Gateway to the Classics: The Story of Old France by H. A. Guerber
The Story of Old France by  H. A. Guerber

Two Rival Queens

Y OU have heard the story of the reigns of the first Merovingian kings in some detail, and therefore have a fair idea of the times in which they lived, and of the way in which these early rulers behaved. But it would be weary work to read as minute a history of all the kings of this race, whose names and dates you can find att eh end of this book if you care to look them up.

Only a few interesting events happened in France during the next two centuries, by the end of which the Merovingians had ceased forever to occupy the throne. During that time the first kings were brave, and their successors were in turn cruel, revengeful, sly, and cowardly, each ruler sinking a little lower than the one who came before him.

Not many years after the death of Clotaire I., a deadly rivalry arose between his sons' wives, Brunhilda and Fredegonda. The former was a handsome, strong-minded Visigoth princess, who married Sig'ebert, king of Austrasia, shortly before her gentle sister was given as wife to his brother Chilperic, king of Neustria. The Neustrain monarch, however, soon grew tired of his meek wife, and she was strangled in her sleep by his order, so that he could marry her handmaiden, Fredegonda, one of the most wicked as well as most beautiful women in history.

In those days, some people who called themselves Christians yet believed it a sacred duty to avenge every injury received.

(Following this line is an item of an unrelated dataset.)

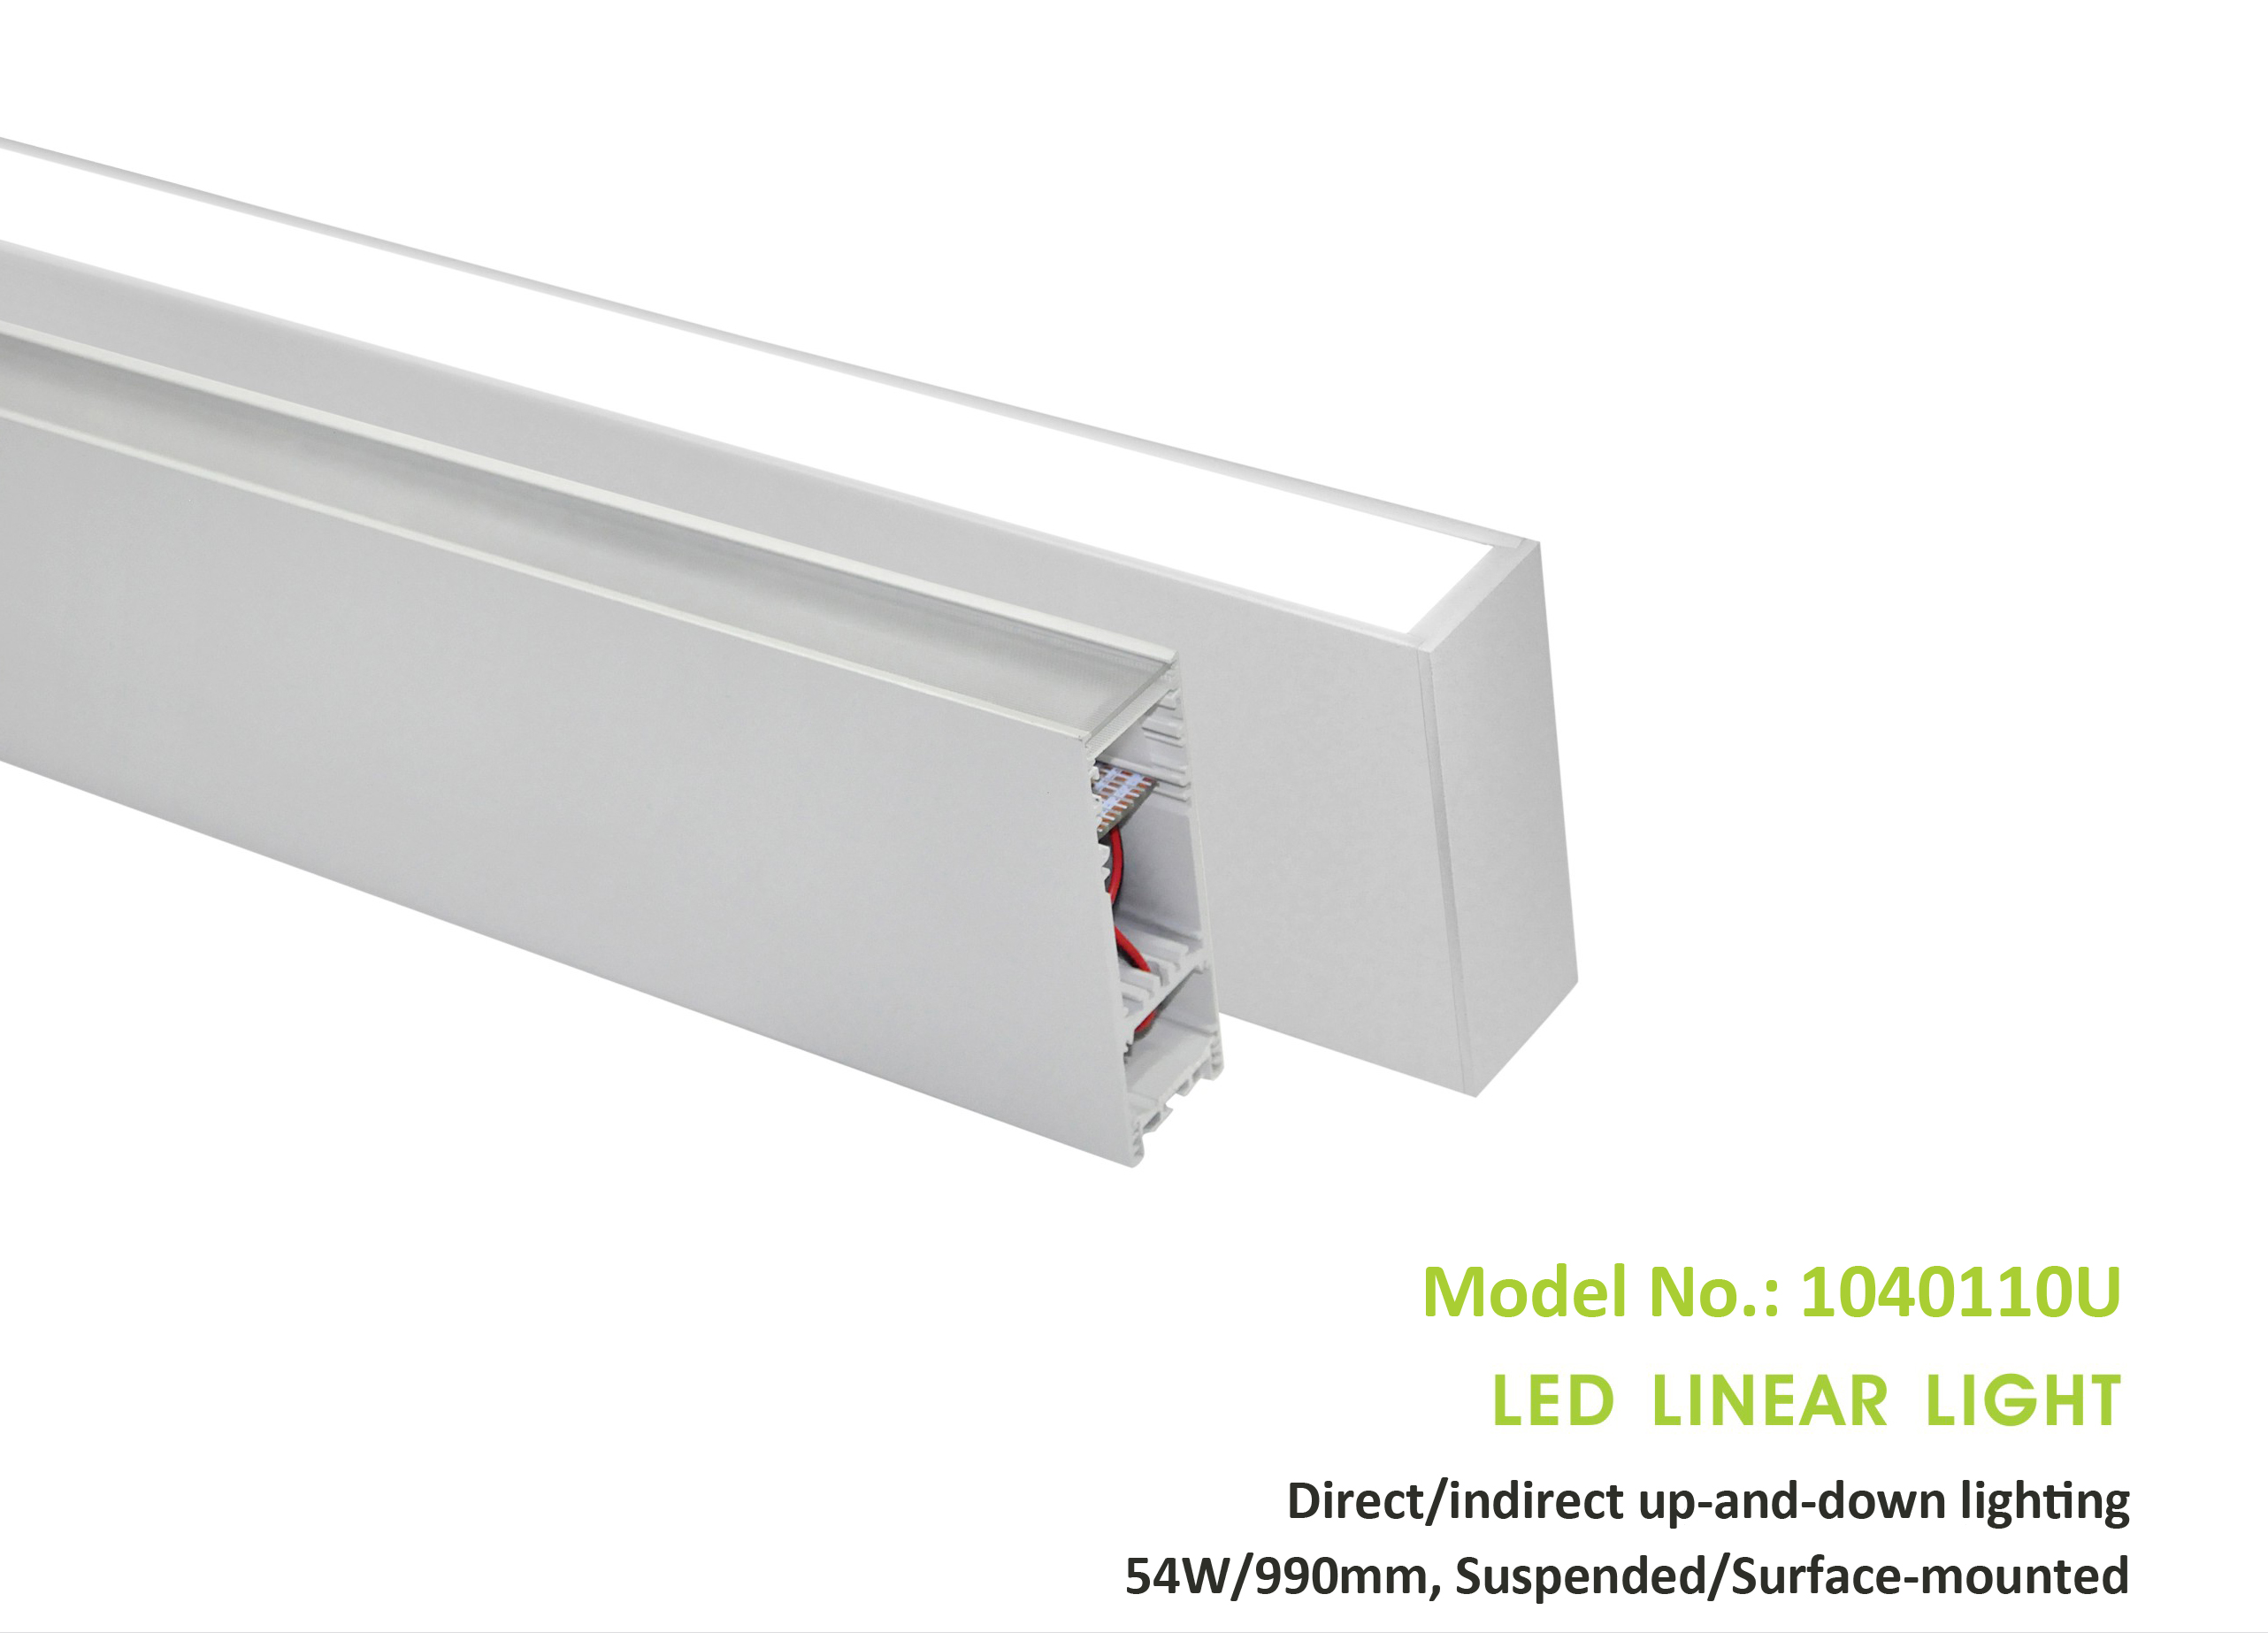 Direct/indirect Led Linear Light 1040110U, 54W/990mm

Brunhilda no sooner heard of her sister's death than she urged her husband to attack his brother.

After a few years of warfare, Siggebert managed to gain possessions of Paris, and was elected king of the Neustrian Franks. He was about to pursue his deposed brother, when he was stabbed by some murderers bribed by Fredegonda.

Brunhilda's husband being thus slain, she fell into Fredegonda's hands, and suffered great hardships before she managed to get back to Austrasia. There, and later in burgundy also, Brunhilda became regent for her son, her grandson, and her great-grandsons in turn, all of whom proved little more than puppets in her hands.

There is something fine and strong about Brunhilda. She was a wise woman, and made many improvements in the country, where an ancient road still bears her name; but her desire to avenge her sister's death and to harm Fredegonda kept her people in a constant state of warfare and turmoil.

Each year the hatred between the two queens became more bitter, and when Fredegonda, after murdering her stepsons and husband, become regent of neustria for her infant son, the feud was worse than ever. During those years, when neither queen stopped at anything, Fredegonda generally managed to get the better of the quarrel. And when, after a long time, she found that she would die before she had wreaked all her hatred upon Brunhilda, she charged her son, Clotaire II., to carry out her wicked plans.

This king, having by treachery finally secured Brunhilda and her four great-grandsons, had two of these princes slain on the spot, shut the other two up in monasteries after shearing off their royal locks, and then proceeded to torture poor Brunhilda.

Although an old woman, by this time, Brunhilda, the daughter, wife, mother, grandmother, and great-grandmother of kings, was by his order mounted upon a camel, camel,—like the meanest of criminals—and led through the camp, where the soldiers were encouraged to pelt her with mud, and to insult her in every possible way. After three days of torture and shameful treatment, she was finally tied, hair, hand and foot, to the tail of a wild horse, which dashed through briers and over stones, until she was torn to pieces!